Self-Assembly of Heterogeneous Ferritin Nanocages for Tumor Uptake and Penetration.

机构信息

State Key Laboratory of Medicinal Chemical Biology, Key Laboratory of Bioactive Materials for the Ministry of Education, College of Life Sciences, and Frontier of Science Center for Cell Response, Nankai University, Tianjin, 300071, China.

Nanozyme Medical Center, School of Basic Medical Sciences, Zhengzhou University, Zhengzhou, 450001, China.

出版信息

Adv Sci (Weinh). 2024 May;11(17):e2309271. doi: 10.1002/advs.202309271. Epub 2024 Feb 17.

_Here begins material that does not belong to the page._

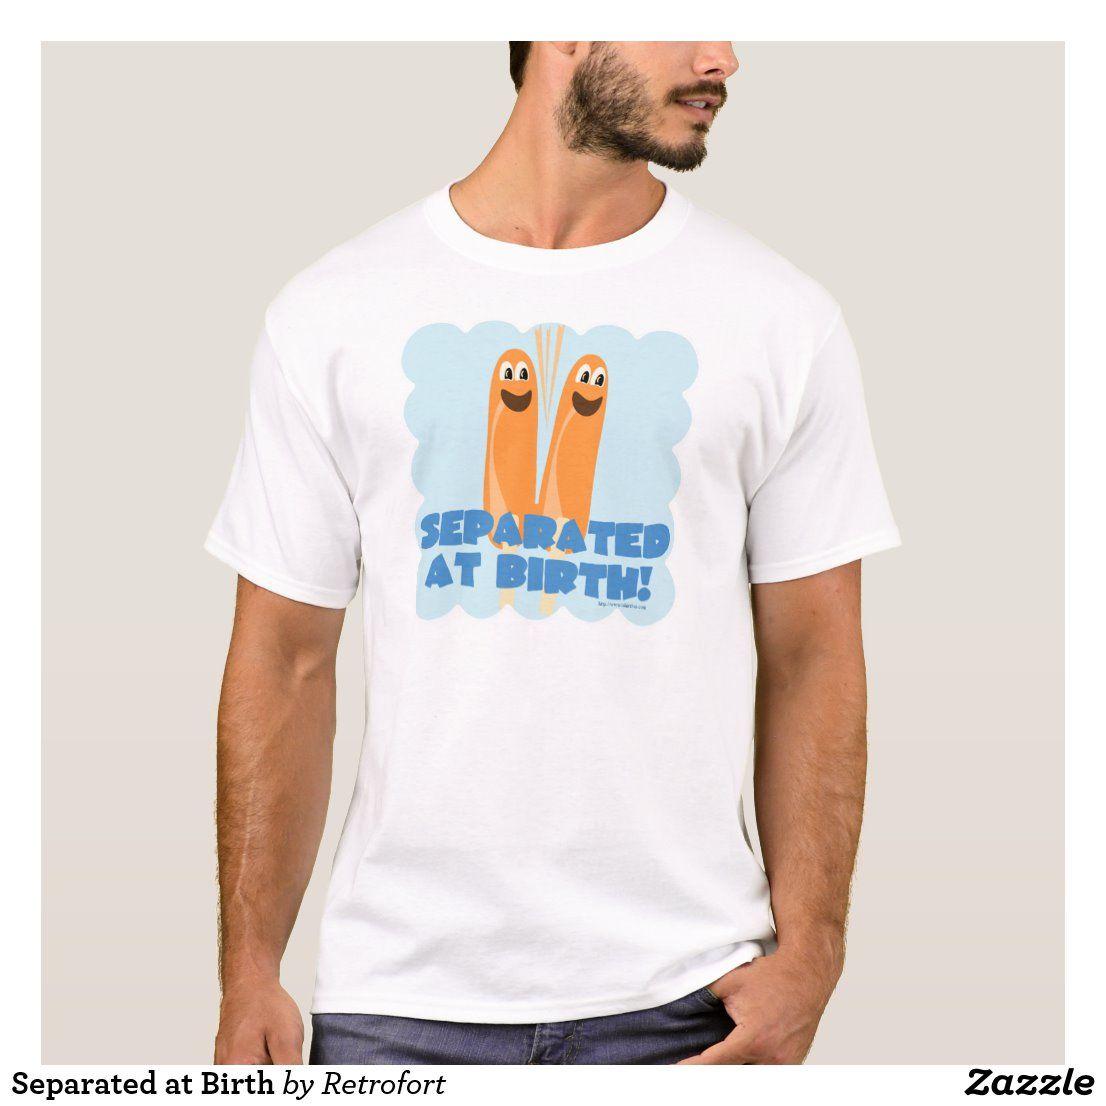 Photo of Bei der Geburt getrennt T-Shirt | Zazzle.com

DOI:10.1002/advs.202309271
PMID:38368258
原文链接:https://pmc.ncbi.nlm.nih.gov/articles/PMC11077646/
Abstract

Well-defined nanostructures are crucial for precisely understanding nano-bio interactions. However, nanoparticles (NPs) fabricated through conventional synthesis approaches often lack poor controllability and reproducibility. Herein, a synthetic biology-based strategy is introduced to fabricate uniformly reproducible protein-based NPs, achieving precise control over heterogeneous components of the NPs. Specifically, a ferritin assembly toolbox system is developed that enables intracellular assembly of ferritin subunits/variants in Escherichia coli. Using this strategy, a proof-of-concept study is provided to explore the interplay between ligand density of NPs and their tumor targets/penetration. Various ferritin hybrid nanocages (FHn) containing human ferritin heavy chains (FH) and light chains are accurately assembled, leveraging their intrinsic binding with tumor cells and prolonged circulation time in blood, respectively. Further studies reveal that tumor cell uptake is FH density-dependent through active binding with transferrin receptor 1, whereas in vivo tumor accumulation and tissue penetration are found to be correlated to heterogeneous assembly of FHn and vascular permeability of tumors. Densities of 3.7 FH/100 nm on the nanoparticle surface exhibit the highest degree of tumor accumulation and penetration, particularly in tumors with high permeability compared to those with low permeability. This study underscores the significance of nanoparticle heterogeneity in determining particle fate in biological systems.

摘要

具有明确结构的纳米结构对于精确理解纳米 - 生物相互作用至关重要。然而,通过传统合成方法制备的纳米颗粒(NPs)往往缺乏较差的可控性和重现性。本文介绍了一种基于合成生物学的策略来制备均匀重现的基于蛋白质的 NPs,从而能够精确控制 NPs 的异质成分。具体来说,开发了一种铁蛋白组装工具箱系统,使铁蛋白亚基/变体能够在大肠杆菌中进行细胞内组装。利用该策略,提供了一项概念验证研究,以探索 NPs 的配体密度与其肿瘤靶标/穿透性之间的相互作用。各种含有人铁蛋白重链(FH)和轻链的铁蛋白杂合纳米笼(FHn)通过其与肿瘤细胞的固有结合以及在血液中的延长循环时间分别被精确组装。进一步的研究表明,肿瘤细胞摄取与 FH 的密度有关,通过与转铁蛋白受体 1 的主动结合,而体内肿瘤积累和组织穿透性与 FHn 的异质组装以及肿瘤血管通透性相关。在纳米颗粒表面上的 3.7 FH/100nm 的密度表现出最高程度的肿瘤积累和穿透性,特别是在高渗透性肿瘤与低渗透性肿瘤相比时。这项研究强调了纳米颗粒异质性在决定生物系统中颗粒命运方面的重要性。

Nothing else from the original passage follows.